【问题标题】:Kafka on Kubernetes - UNKNOWN_TOPIC_OR_PARTITION and LEADER_NOT_AVAILABLE errorKubernetes 上的 Kafka - UNKNOWN_TOPIC_OR_PARTITION 和 LEADER_NOT_AVAILABLE 错误
【发布时间】:2018-05-11 16:44:01
【问题描述】:

这是this 的后续问题。 我设法做到了以下几点:

  1. 为我的 5 个代理 Kafka 集群创建一个无头服务,用于代理间通信
  2. 为每个代理设置一项服务
    1. 每个服务都有一个外部 ip
    2. 每个服务只选择一个 pod,例如服务“kafka-0-es”选择 pod“kafka-0”
  3. pod 正确地通告了它们各自的外部 IP。我通过访问 ZooKeeper CLI 上的数据验证了这一点。

我使用 zkCli 创建了一个主题 test-topic 并验证它已创建。之后,我开始了 Kafka 控制台生产者。

.\kafka-console-producer.bat --broker-list EXTERNAL_IP_1:9093,EXTERNAL_IP_2:9093,EXTERNAL_IP_3:9093,EXTERNAL_IP_4:9093,EXTERNAL_IP_5:9093 --topic test-topic --property parse.key=true --property key.
separator=:
>afkjdshasdkfjhsdkjsf:128379127893123
>[2018-05-09 17:35:51,622] WARN [Producer clientId=console-producer] Got error produce response with correlation id 9 on topic-partition test-topic-0, retrying (2 attempts left). Error: UNKNOWN_TOPIC_OR_PARTITION (org.apache.kafka.clients.producer.internals.Sender)
[2018-05-09 17:35:51,623] WARN [Producer clientId=console-producer] Received unknown topic or partition error in produce request on partition test-topic-0. The topic/partition may not exist or the user may not have Describe access to it (org.apache.kafka.clients.producer.internals.Sender)
[2018-05-09 17:35:51,649] WARN [Producer clientId=console-producer] Error while fetching metadata with correlation id 10 : {test-topic=LEADER_NOT_AVAILABLE} (org.apache.kafka.clients.NetworkClient)
[2018-05-09 17:35:51,720] WARN [Producer clientId=console-producer] Got error produce response with correlation id 11 on topic-partition test-topic-0, retrying (1 attempts left).

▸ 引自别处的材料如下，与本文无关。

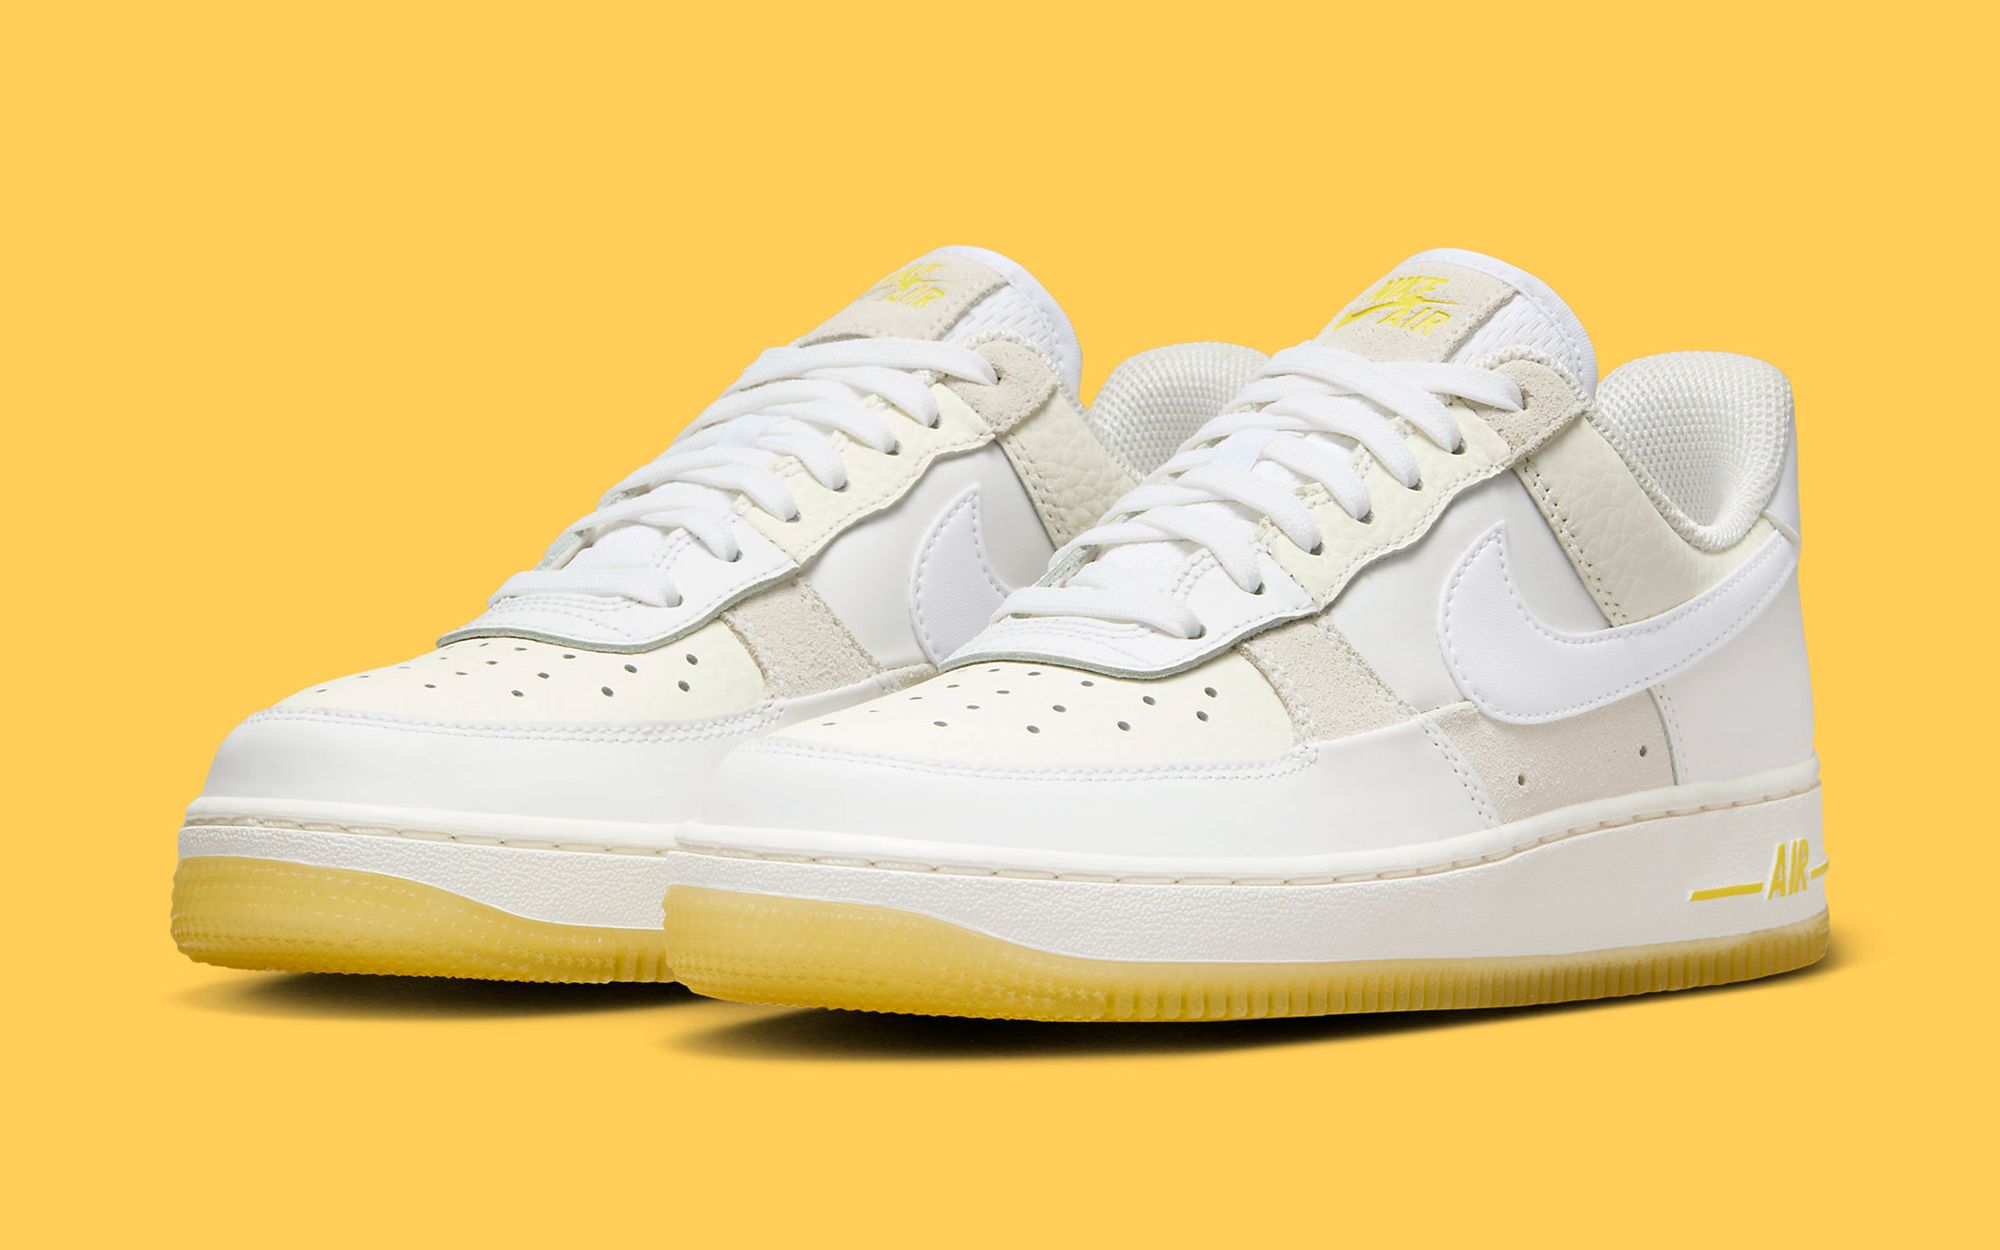 Nike Air Force 1 Low GS UV Color Change FN7239-410

Error: UNKNOWN_TOPIC_OR_PARTITION (org.apache.kafka.clients.producer.internals.Sender)
[2018-05-09 17:35:51,720] WARN [Producer clientId=console-producer] Received unknown topic or partition error in produce request on partition test-topic-0. The topic/partition may not exist or the user may not have Describe access to it (org.apache.kafka.clients.producer.internals.Sender)
[2018-05-09 17:35:51,773] WARN [Producer clientId=console-producer] Error while fetching metadata with correlation id 12 : {test-topic=LEADER_NOT_AVAILABLE} (org.apache.kafka.clients.NetworkClient)
[2018-05-09 17:35:51,823] WARN [Producer clientId=console-producer] Got error produce response with correlation id 13 on topic-partition test-topic-0, retrying (0 attempts left). Error: UNKNOWN_TOPIC_OR_PARTITION (org.apache.kafka.clients.producer.internals.Sender)
[2018-05-09 17:35:51,823] WARN [Producer clientId=console-producer] Received unknown topic or partition error in produce request on partition test-topic-0. The topic/partition may not exist or the user may not have Describe access to it (org.apache.kafka.clients.producer.internals.Sender)
[2018-05-09 17:35:51,913] WARN [Producer clientId=console-producer] Error while fetching metadata with correlation id 14 : {test-topic=LEADER_NOT_AVAILABLE} (org.apache.kafka.clients.NetworkClient)
[2018-05-09 17:35:51,936] ERROR Error when sending message to topic test-topic with key: 20 bytes, value: 15 bytes with error: (org.apache.kafka.clients.producer.internals.ErrorLoggingCallback)
org.apache.kafka.common.errors.UnknownTopicOrPartitionException: This server does not host this topic-partition.
[2018-05-09 17:35:51,945] WARN [Producer clientId=console-producer] Received unknown topic or partition error in produce request on partition test-topic-0. The topic/partition may not exist or the user may not have Describe access to it (org.apache.kafka.clients.producer.internals.Sender)
[2018-05-09 17:35:52,034] WARN [Producer clientId=console-producer] Error while fetching metadata with correlation id 16 : {test-topic=LEADER_NOT_AVAILABLE} (org.apache.kafka.clients.NetworkClient)
[2018-05-09 17:35:52,161] WARN [Producer clientId=console-producer] Error while fetching metadata with correlation id 20 : {test-topic=LEADER_NOT_AVAILABLE} (org.apache.kafka.clients.NetworkClient)
[2018-05-09 17:40:52,288] WARN [Producer clientId=console-producer] Error while fetching metadata with correlation id 25 : {test-topic=LEADER_NOT_AVAILABLE} (org.apache.kafka.clients.NetworkClient)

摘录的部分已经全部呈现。